Consider hundreds or thousands of devices competing for bandwidth at the same time for cloud gaming, smart home connectivity, video calls, streaming, etc. We no doubt have more devices every year that need online access, so to support that demand, we need to upgrade how we access the internet through new technologies like Wi-Fi 7.

Even if your network doesn't support gigabit speeds, Wi-Fi 7 could still be useful when you consider local devices.

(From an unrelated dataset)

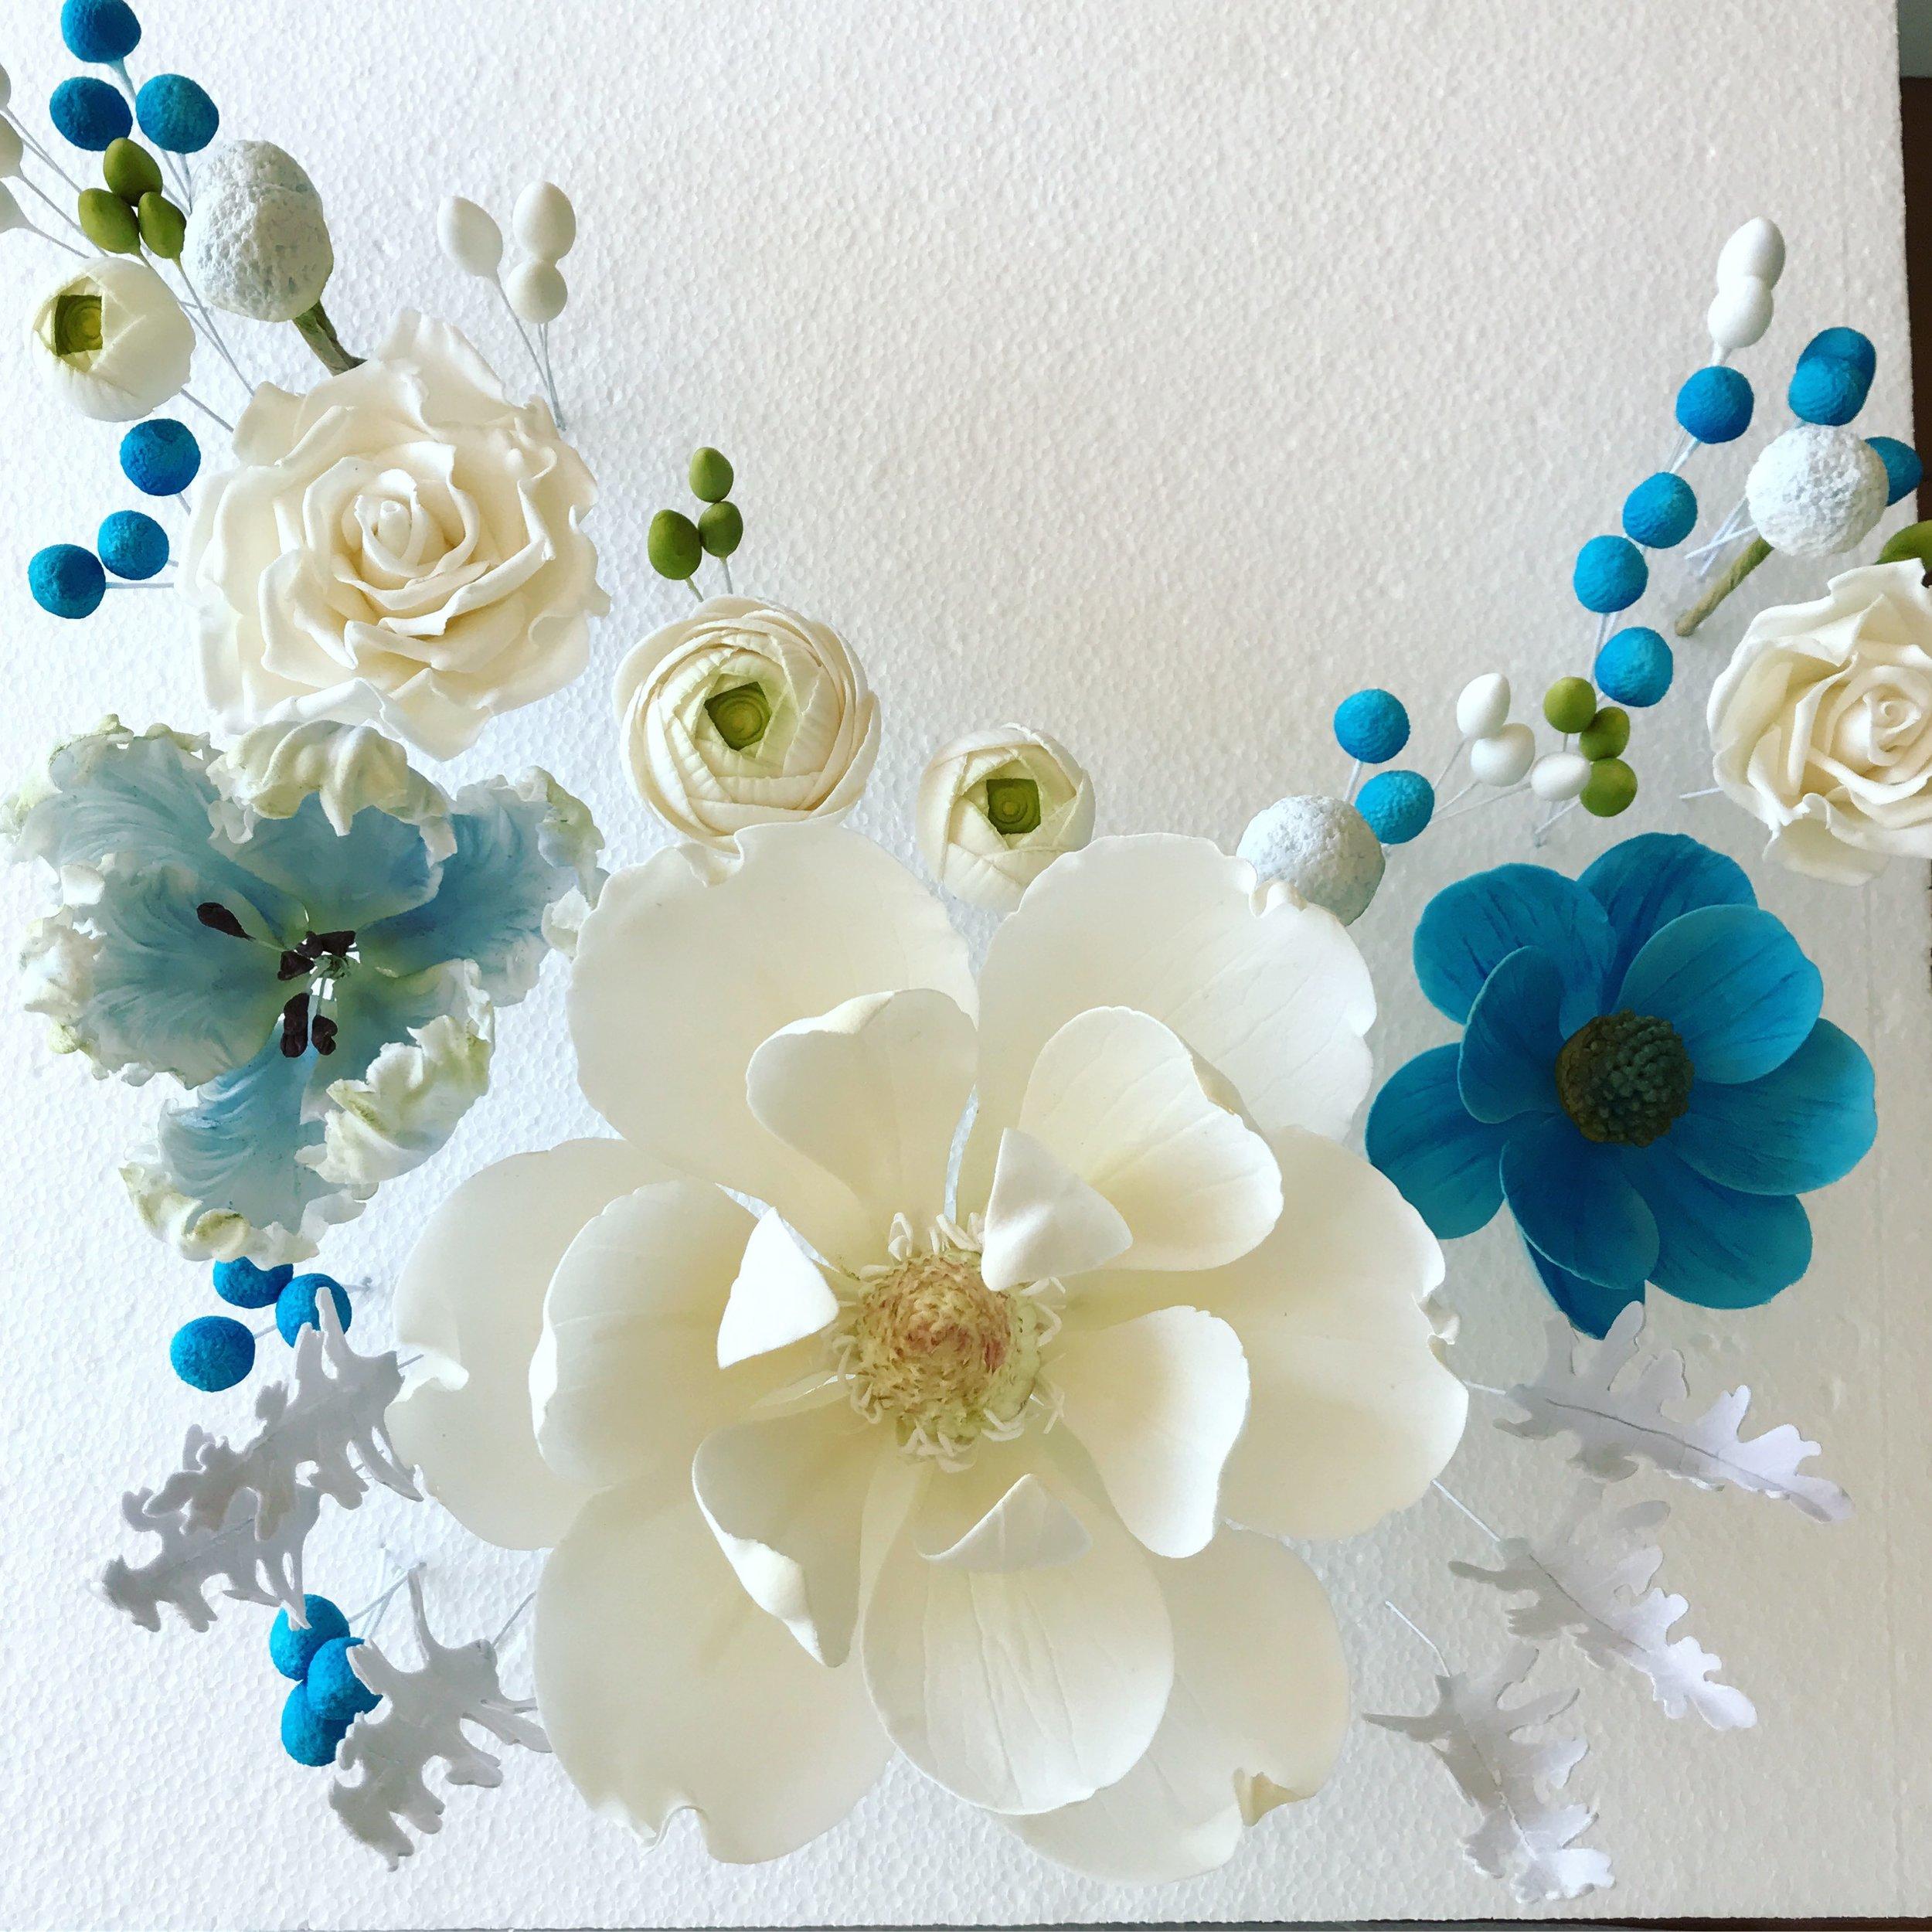 JDA_sugarflowers_blue.JPG

If your router, VR headset, and other devices support Wi-Fi 7, they could communicate with each other at ultrafast speeds even if your ISP-provided internet can't.

For example, there'd be no issue utilizing Wi-Fi 7 to support your VR headset's immersive experience it's designed to create or stream crystal-clear movies from your media server to your TV.

FAQ
  • Will Wi-Fi 7 improve my Wi-Fi?

    It all depends on what you mean by improve. Troubleshooting Wi-Fi is difficult because there could be a myriad of issues affecting your ability to use Wi-Fi. A very common one is a weak signal. If your equipment is working properly but you aren’t getting a strong Wi-Fi signal, following the steps in the linked article can help (and then maybe you don’t yet need to upgrade to Wi-Fi 7 when it becomes available). Keep in mind, thick walls and floors can impede the signal of a properly working Wi-Fi router.

  • Will my existing computer and other items work with Wi-Fi 7?

    Yes, your existing equipment will work as it does now. But do understand your older equipment may not be able to take advantage of the higher speeds Wi-Fi offers.